Although John sometimes gave appearances of being a loving father, his life was riddled with turmoil, almost all caused by him. Phoebe told at least one acquaintance that she was afraid of her father. Her grandparents sometimes kept the girl, but according to newspaper reports, seemed terrified of their son. The Herald reported that Jonchuck had an arrest history "that included aggravated assault with a weapon, 'multiple charges' of domestic battery, and larceny. Kerr, the girl's mother, had been charged with child abuse. A former landlord told an investigator he'd found 'drug paraphernalia' in the couple's home, had found doors 'kicked in' on several occasions, and had been forced to replace windows that had been smashed in by the couple." He told investigators that Jonchuck and Kerr's behavior was extremely erratic.

Family members informed reporters that Jonchuck had been involuntarily committed to mental health facilities a staggering 27 times. On each occasion, he was released and Phoebe was sent back to live with him.
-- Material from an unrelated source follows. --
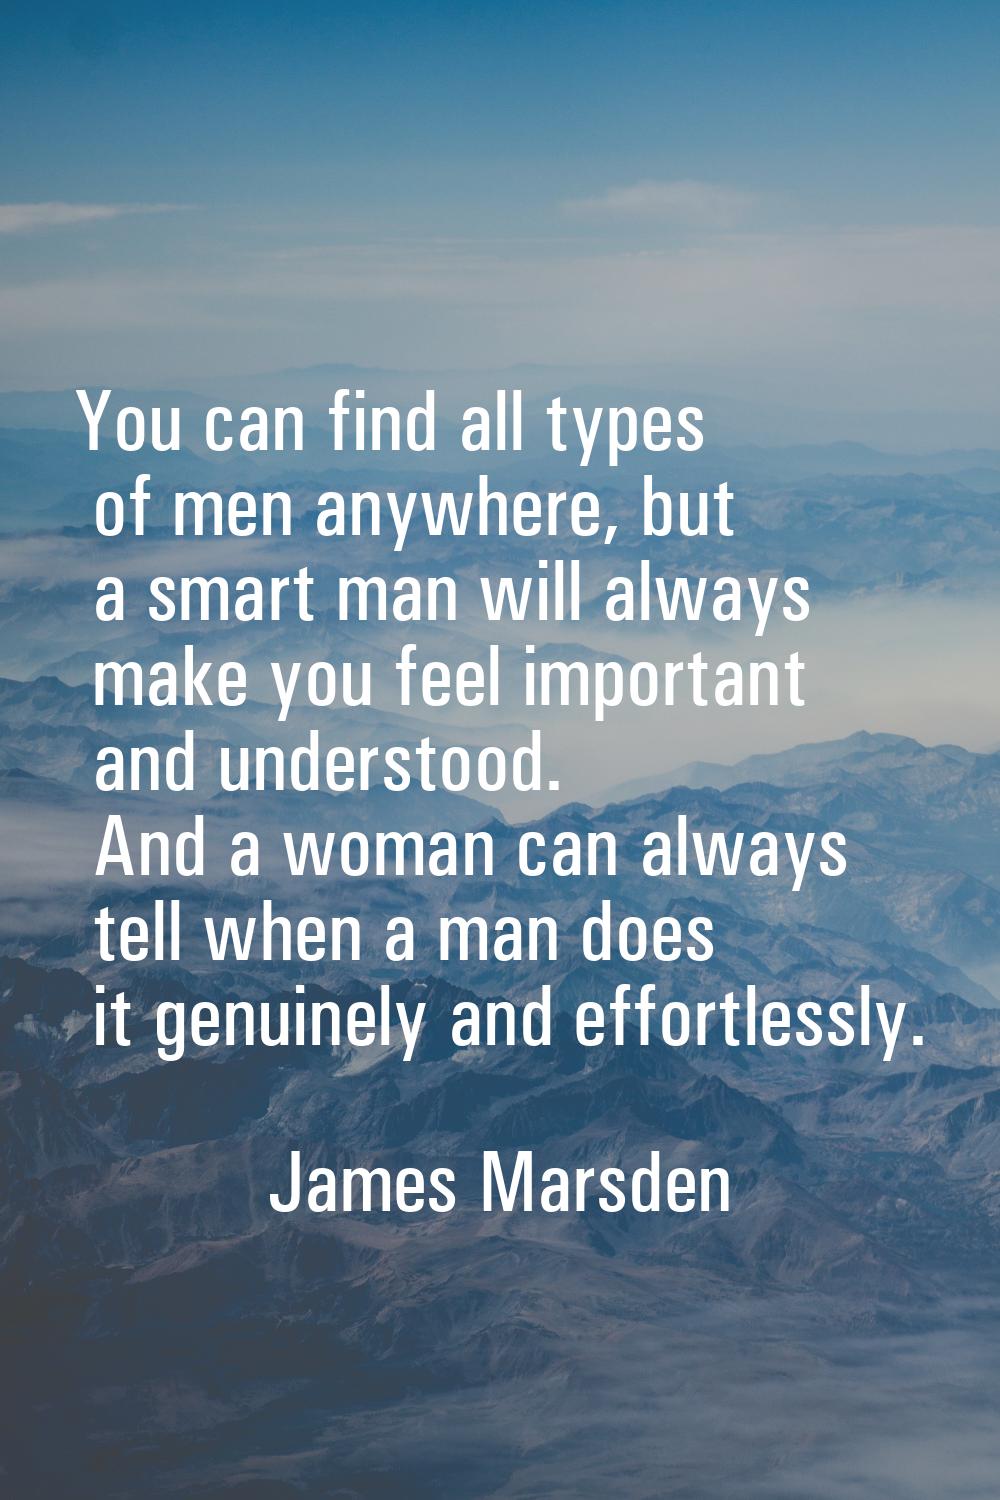 You can find all types of men anywhere, but a smart man will always make you feel important and und

On July 10, 2016, the day Phoebe died, John went to see his court-appointed attorney, Genevieve Torres. Phoebe, dressed in a pink dress and blue jacket, tagged along. John wore pajamas and carried a huge antique Bible written in a foreign language. Torres stated that Jonchuck called her "St. Genevieve," the "Creator," and "God." He insisted that she read the "Swedish" Bible he had brought. Recognizing Jonchuck's mental instability, she quickly got rid of him. As he was leaving, Jonchuck commented, "None of this is going to matter tomorrow anyway."

As soon as Jonchuck left, Torres phoned a child endangerment hotline, warning the operator that Jonchuck was deranged and taking his daughter with him while he was having an episode. The Florida Times Union reported that "Torres also told the operator, who was inexperienced, that the [Department of Family and Children] had an open investigation after an earlier caller accused Jonchuck of violence, substance abuse, and inadequate supervision." Torres also informed the operator that Jonchuck kept calling her office every five minutes. She stated "he's out of control." The operator refused to report the call to authorities.

Later that night, Phoebe was dead. An autopsy revealed that she had died of a combination of hypothermia and drowning.

She'd been enrolled in kindergarten. Her teachers stated she was good-natured and smart. She loved to sing and the color purple. Attentive, curious, and sensitive, her grandparents enjoyed keeping her, as long as Jonchuck wasn't there. 

After he was arrested, Jonchuck spent four years in a mental hospital, having been found incompetent to stand trial. In 2019, he was finally adjudged sane enough to be tried. Jurors turned down his insanity defense and found him guilty of first-degree murder. Jonchuck received a life sentence with no chance of parole.

Phoebe was failed by both Florida's mental health system and child protective services. Her father was an obvious danger to anyone around him, particularly his daughter. How he could maintain custody of Phoebe with his mental deficiencies, law enforcement issues, and drug usage baffles my mind.